The building at the foot of the Accademia Bridge, which once housed the Scuola Grande di Santa Maria della Carità, the church of the same name and its convent, now houses a very rich pictorial museum that traces the history of art from the 13th to the 18th century. Among the major artists represented in the 37 rooms of the Galleries are Tintoretto, Titian (“La Pietà”), Canaletto, Giorgione (“La Tempesta”), Giovanni Bellini, Vittore Carpaccio (“Il ciclo delle storie di Sant’Orsola”), Cima da Conegliano, Veronese (“Il convito in casa di Levi”) and 18th century Vedutisti such as Canaletto, Guardi, Bellotto and Longhi. In the Gallerie dell’Accademia there is also the famous pencil and ink on paper drawing of Leonardo da Vinci’s “Vitruvian Man” (1490 circa), which represents the ideal proportions of the human body (it is exhibited only on special occasions).

The Galleria di Palazzo Cini, the Peggy Guggenheim Collection, Palazzo Grassi-Punta della Dogana, and the Gallerie dell’Accademia are connected in the Dorsoduro Museum Mile, a unique cultural itinerary of eight centuries of world art history. A few museums along a mile-long path in the Dorsoduro district, between the Grand Canal and the Giudecca Canal: an itinerary where visitors can admire masterpieces of Venetian painting from the Middle Ages and the Renaissance in the Gallerie dell’Accademia and the latest contemporary production on display at the Punta della Dogana.

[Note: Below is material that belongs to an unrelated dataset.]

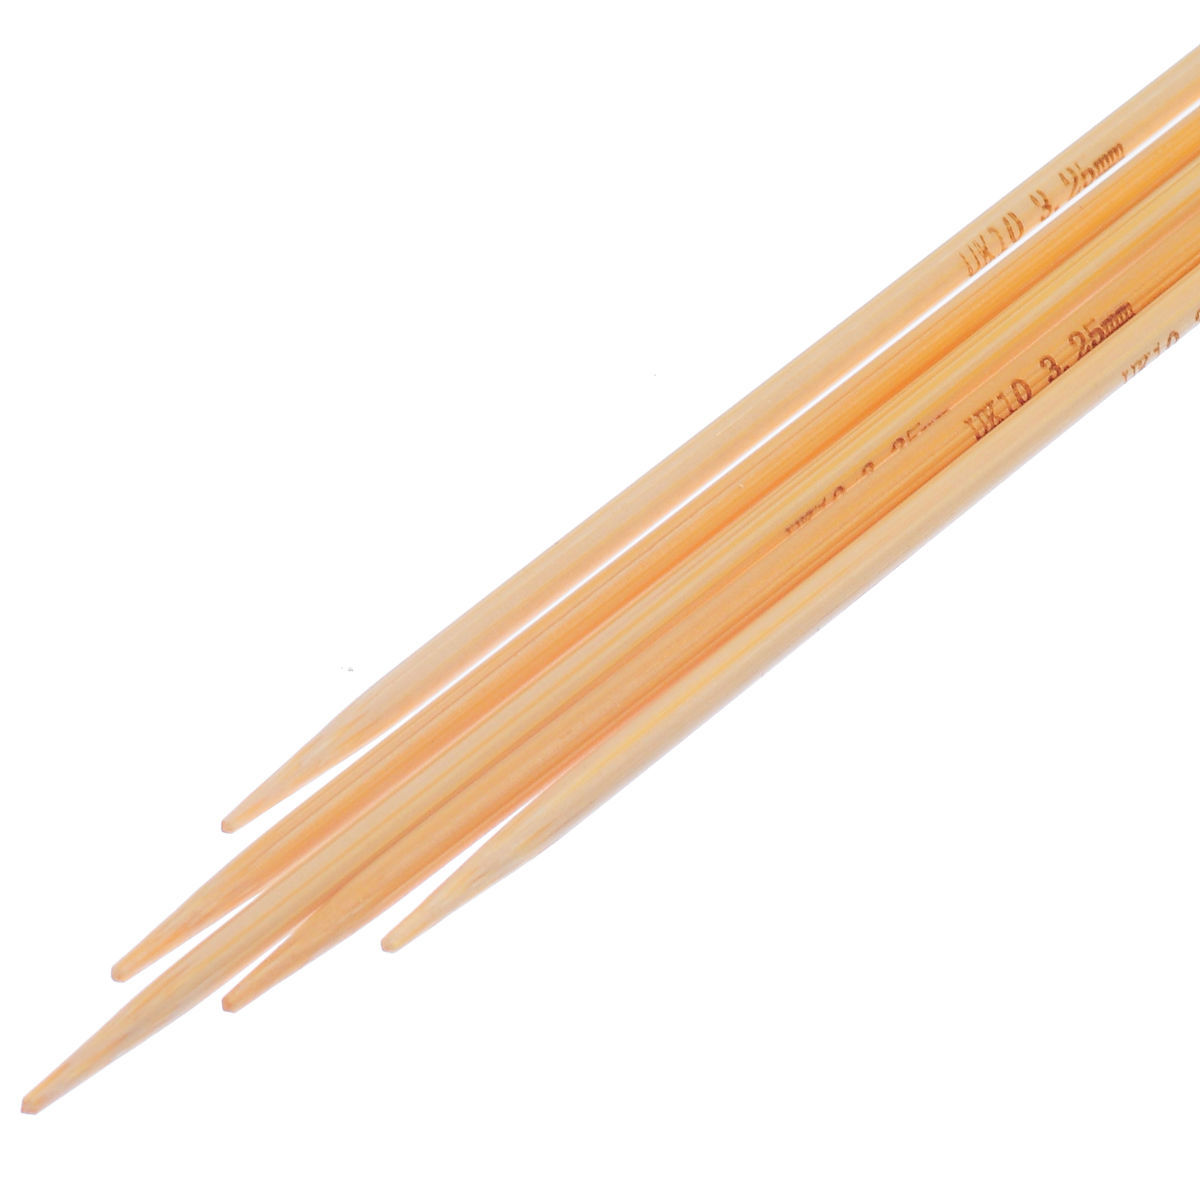 (UK10 3.25mm) 竹 ダブルポイント 編み針 ナチュラル 15cm 長さ、 1 セット ( 5 個/セット) の画像
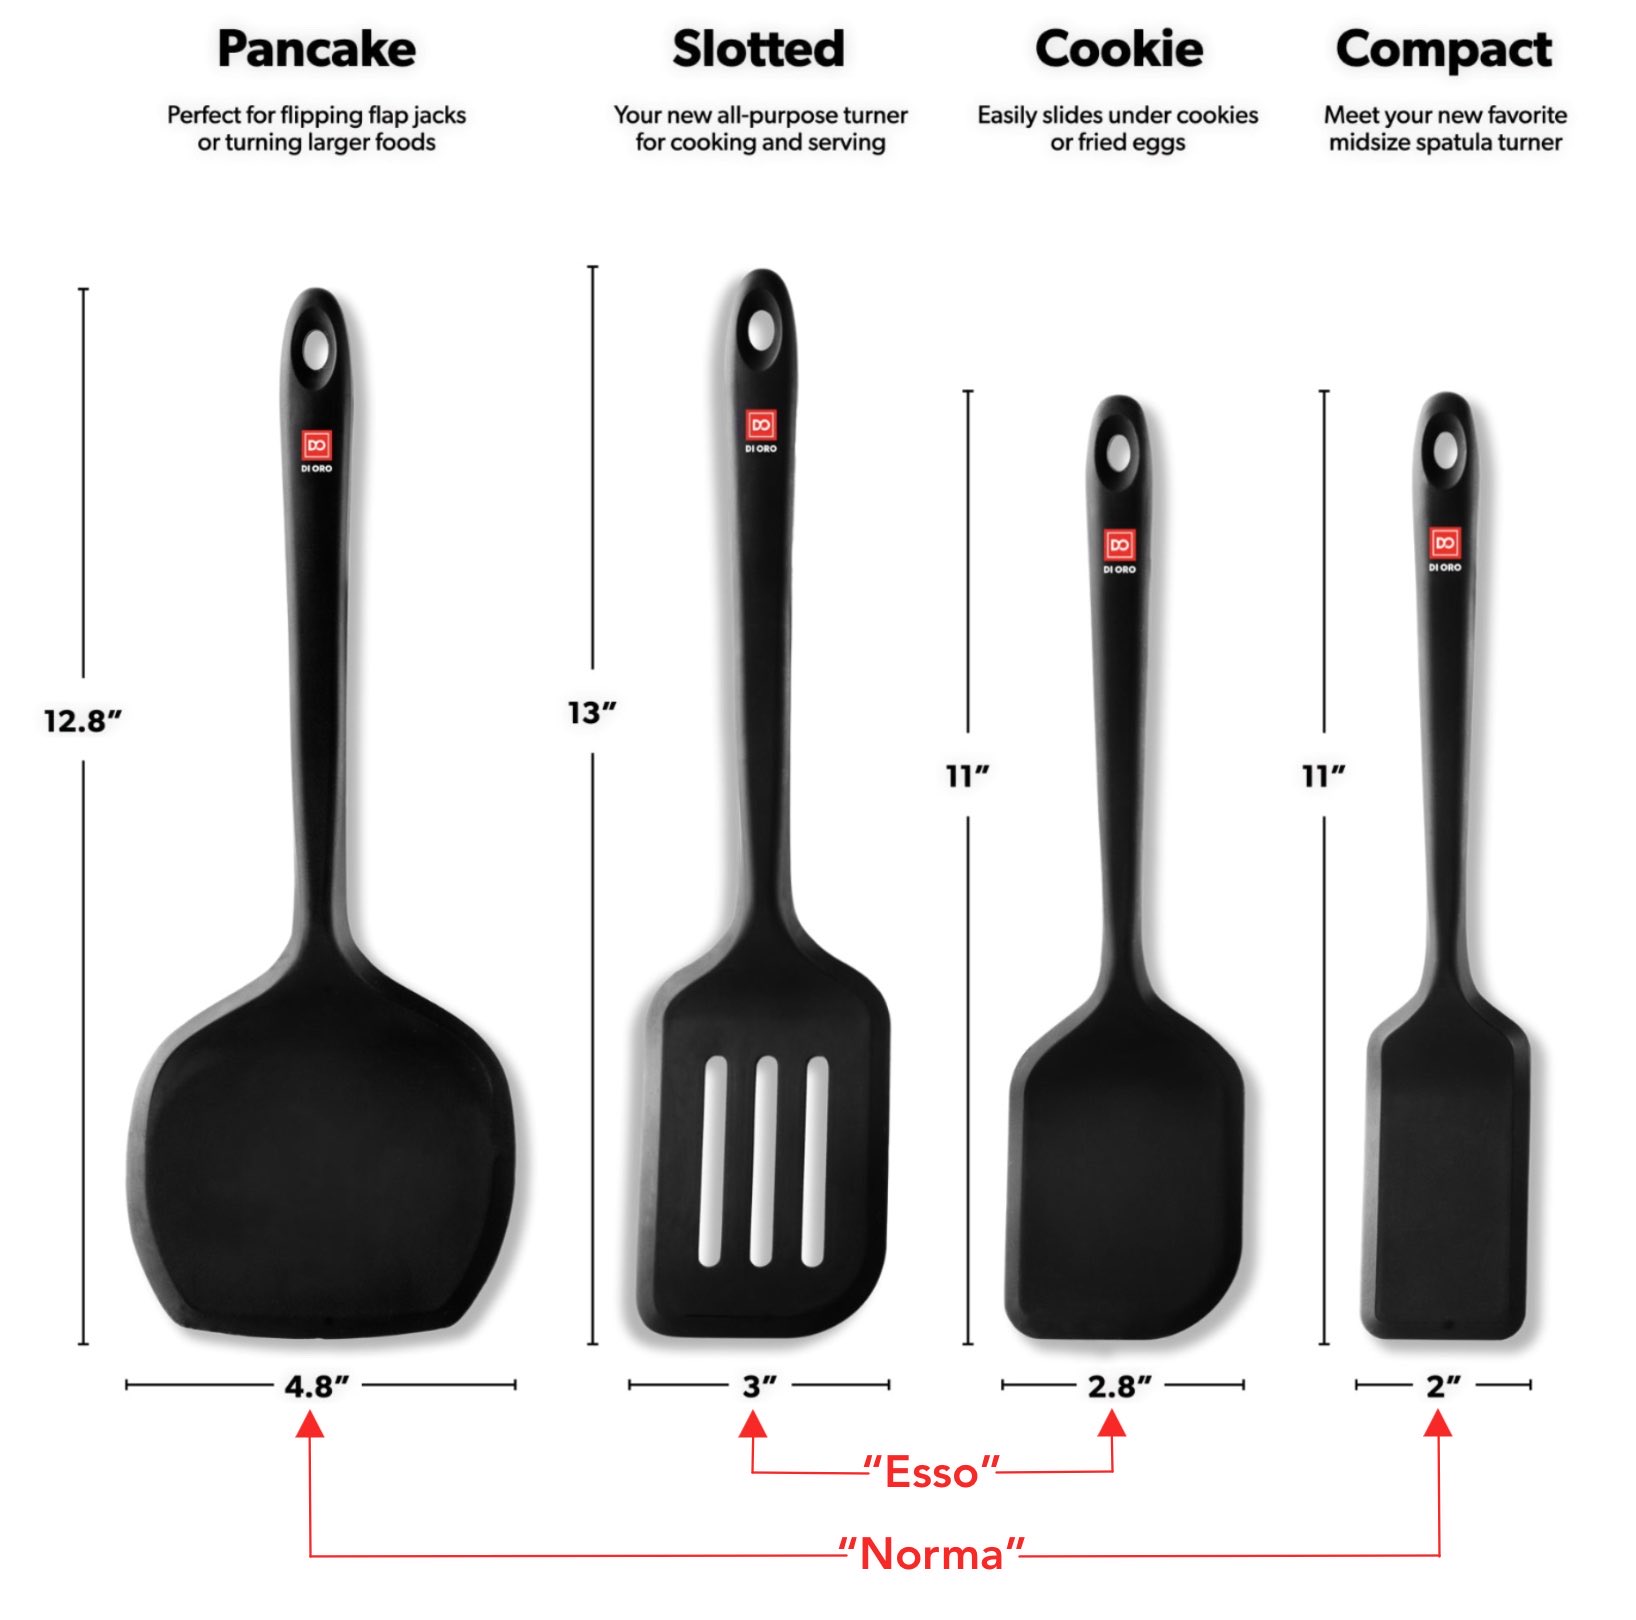 di-oro-esso-and-forma-seamless-silicone-turner-spatula-sets-comparison-chart

On the way, visitors can also explore the former homes of great collectors such as Vittorio Cini and Peggy Guggenheim and view their respective collections.

A new exhibition project by the museum has begun in October 2020: “A masterpiece for Venice” sees the displaying of a number of masterpieces of the Venetian Renaissance coming from the most important international museums. Exceptional loans that fit perfectly inside the museum context of the Galleries and create a dialogue with other works of the permanent collection, as well as with the lagoon city.